4.1. T cells in Alzheimer’s disease
AD is the most prevalent neurodegenerative disorder among elderly adults, often progressing to dementia. It primarily manifests as cognitive impairments, including memory loss, language difficulties, misidentifications, and behavioral disturbances. These symptoms are linked to two protein changes in the brain. The first is hyperphosphorylation of the Tau protein, resulting in the formation of intracellular neurofibrillary tangles. The second is the formation of extracellular Aβ-peptide deposits, leading to the creation of amyloid plaques. Both of these processes result in synaptic loss and damage to neurons, contributing to the decline in cognitive function.
T cells, as fundamental cells in the adaptive immune system, may have different roles in the progression of the disease and either may contribute to the aggravation of the pathology or have a protective function in other cases (Table 2). Aberrant T cells may indirectly influence the pathogenesis of AD by secreting proinflammatory cytokines that maintain a detrimental neuroinflammatory state. However, the multifactorial role of T cells in the pathogenesis of AD is also related to an immune response to disease risk factors: the apolipoprotein E (APOE), Aβ peptide, secretases or Tau protein.
The APOE gene plays a significant role in AD by influencing the Tau neurotoxicity (Kang et al., 2021), and regulating the levels of Th17 and Treg cells.
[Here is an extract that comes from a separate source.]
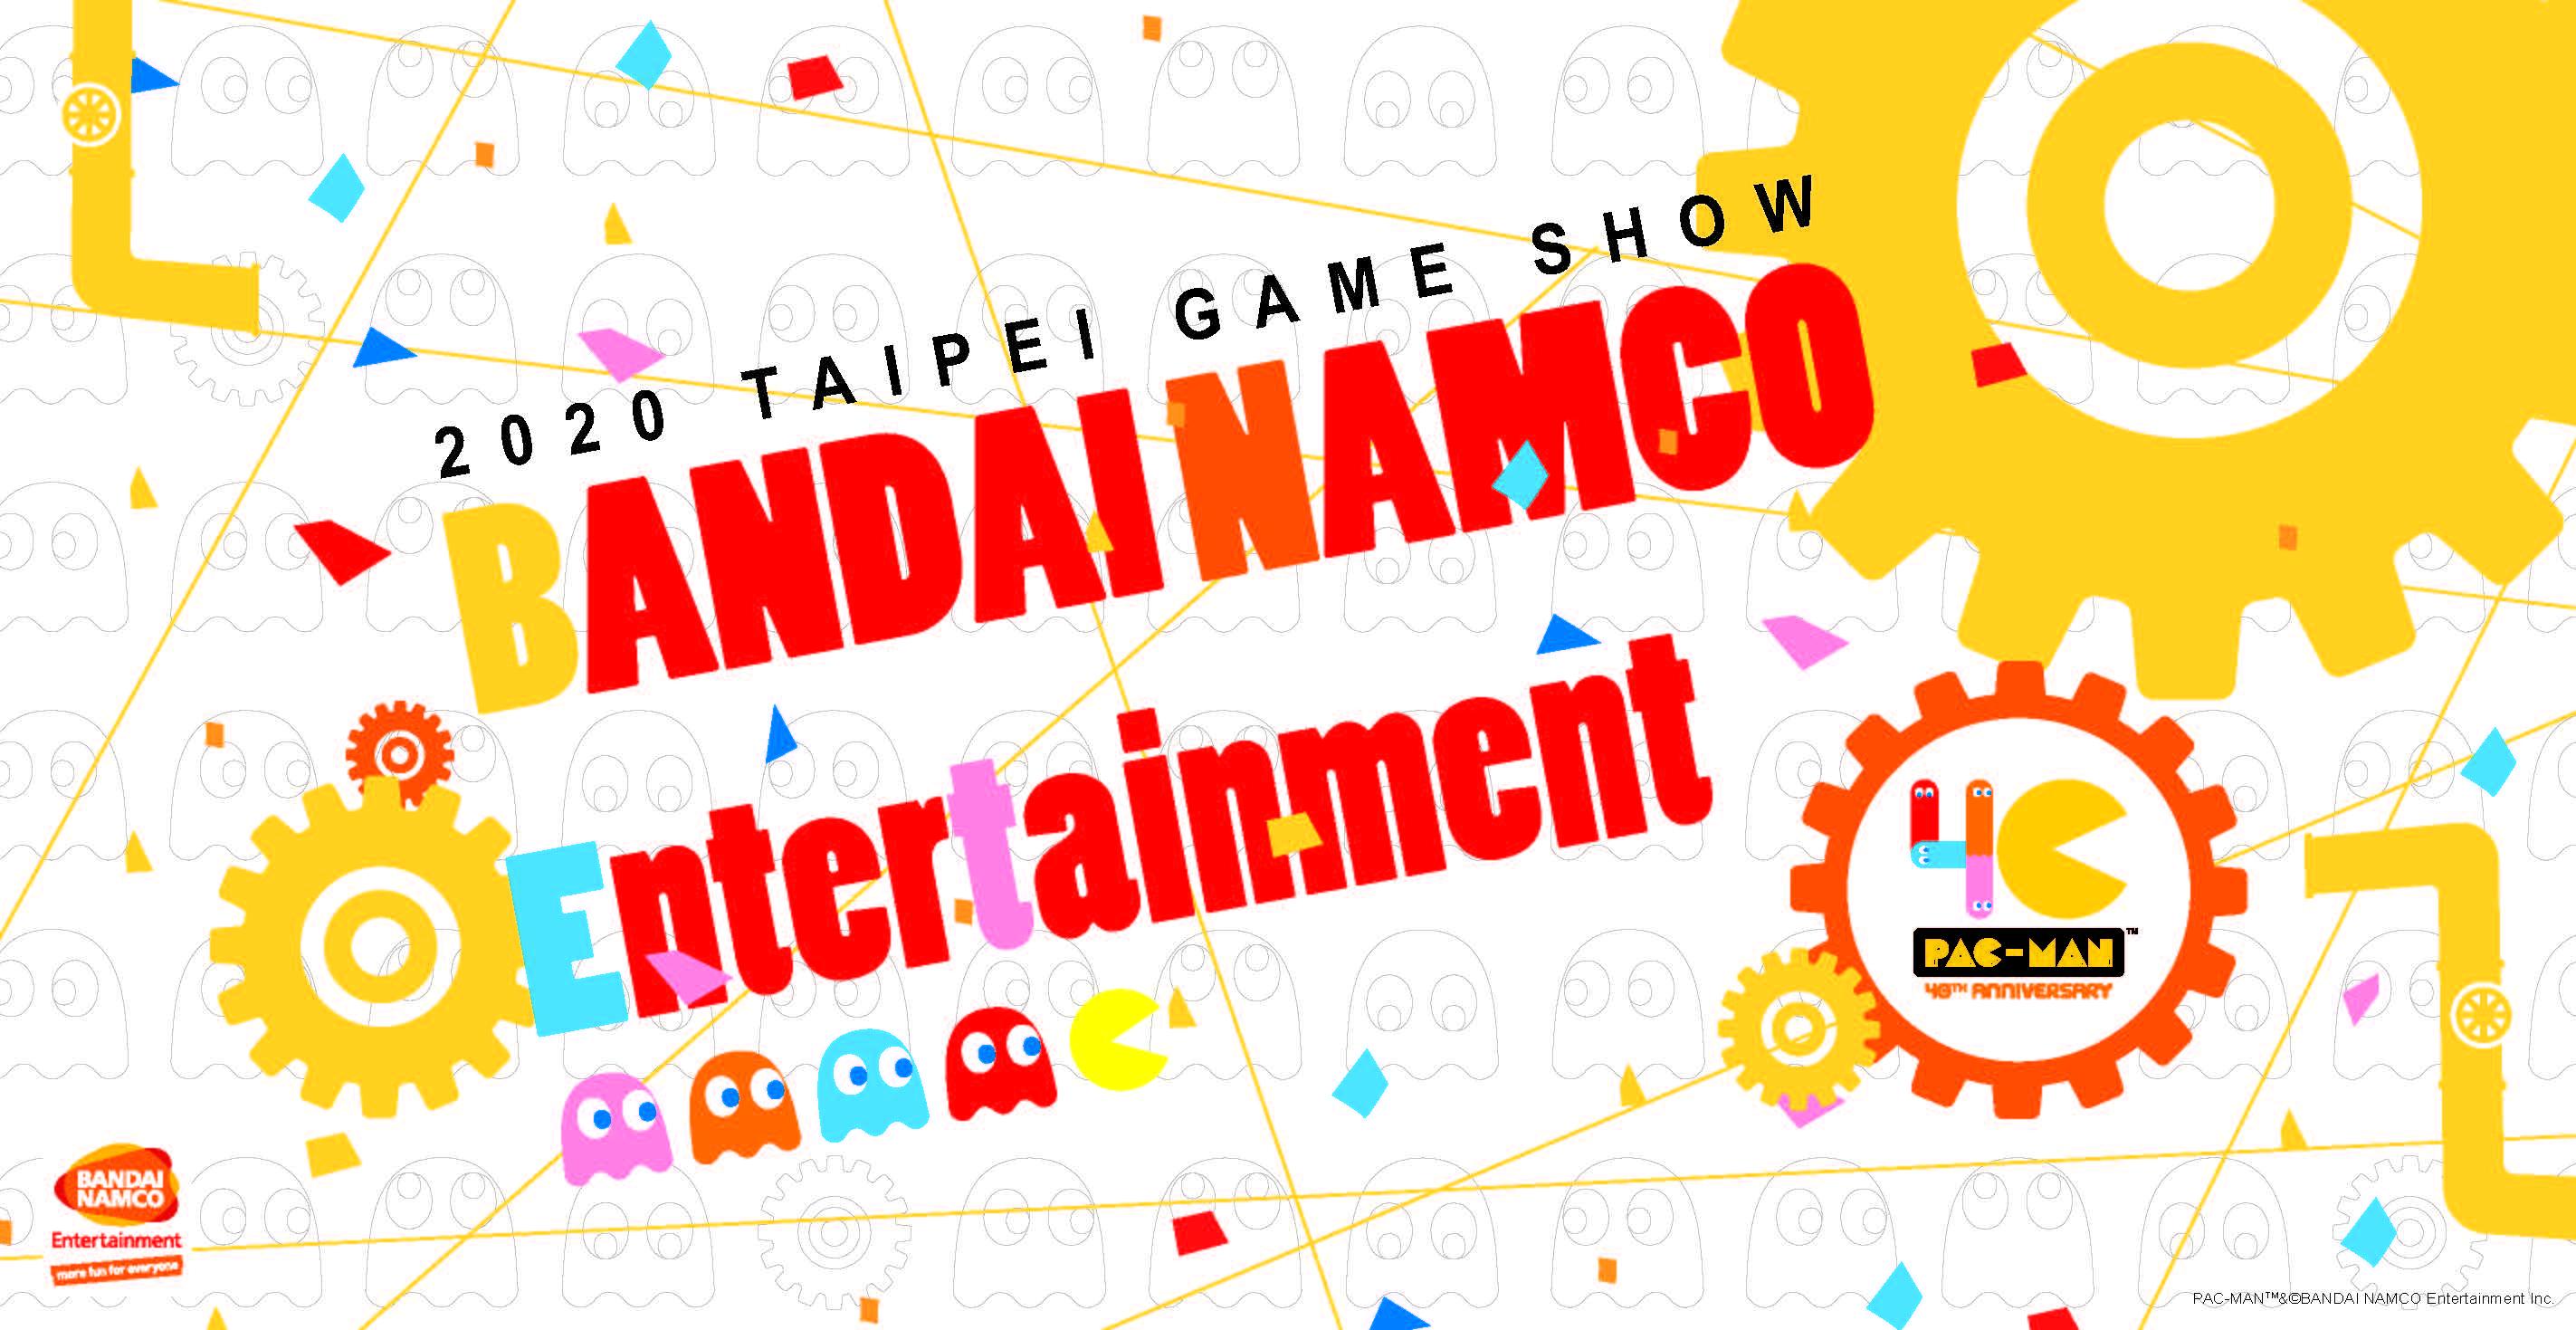 台灣萬代南夢宮娛樂公開2020年台北國際電玩展首波遊戲陣容! 歡慶PAC-MAN誕生40周年 打造史上最大主題展區 2020tg10

The specific allele of the APOE protein is crucial, as individuals with the APOE4 allele have higher levels of T cell activation and a higher risk of developing AD (Bonacina et al., 2018). As a result, this gene may be considered a potential target for controlling abnormal T cell activation in AD (Dai & Shen, 2021).
The presence of Aβ-reactive T cells is a result of APCs presenting either the Aβ precursor protein (APP) or Aβ peptide, cleaved by β- and γ-secretases. Both APP and exogenous Aβ can directly modulate T cell function. Additionally, expression of the precursor by monocytes triggers the release of proinflammatory cytokines, which indirectly activate T cells (Dai & Shen, 2021). The role of Aβ-reactive T cells remains controversial, as some animal studies have shown them to be beneficial in clearing Aβ peptides through IFNγ-mediated activation of microglia (Fisher, Nemirovsky, Baron & Monsonego, 2010), while others suggest that these T cells can strongly activate proinflammatory cytokines such as IL-6, TNFα and IL-1β, contributing to a neuroinflammatory and neurotoxic environment (Mietelska-Porowska & Wojda, 2017).
T cells have the ability to control the enzymes responsible for APP processing. T cell-mediated biological changes regulate the expression and activity of β-secretase, and in turn, influence T cell function. Furthermore, the Notch family of receptors are substrates of γ-secretase, which releases the Notch intracellular domain (NICD) during proteolysis for translocation to the nucleus and activation of transcription factors involved in T cell development (Dai & Shen, 2021). Additionally, α-secretase, which promote a non-amyloidogenic cleavage of APP, is also involved in T cell function by processing various substrates, while T cells promote α-secretase activation.
The presence of T cells in the brain is correlated with Tau pathology and can result in excessive T cell activation (Merlini, Kirabali, Kulic, Nitsch & Ferretti, 2018). In summary, T cells in AD may have a dual role. On the one hand, they can migrate into the CNS parenchyma and contribute to neuronal death during AD progression. However, T cell infiltration in the CNS parenchyma may also have a beneficial effect by promoting the restoration of glial function. In normal conditions, the T cell infiltrate in the CNS parenchyma has a neuroprotective role in spatial learning and preserving neurogenesis (Dai & Shen, 2021). Thus, it is important to thoroughly understand the immune response in AD in order to develop effective therapeutic strategies.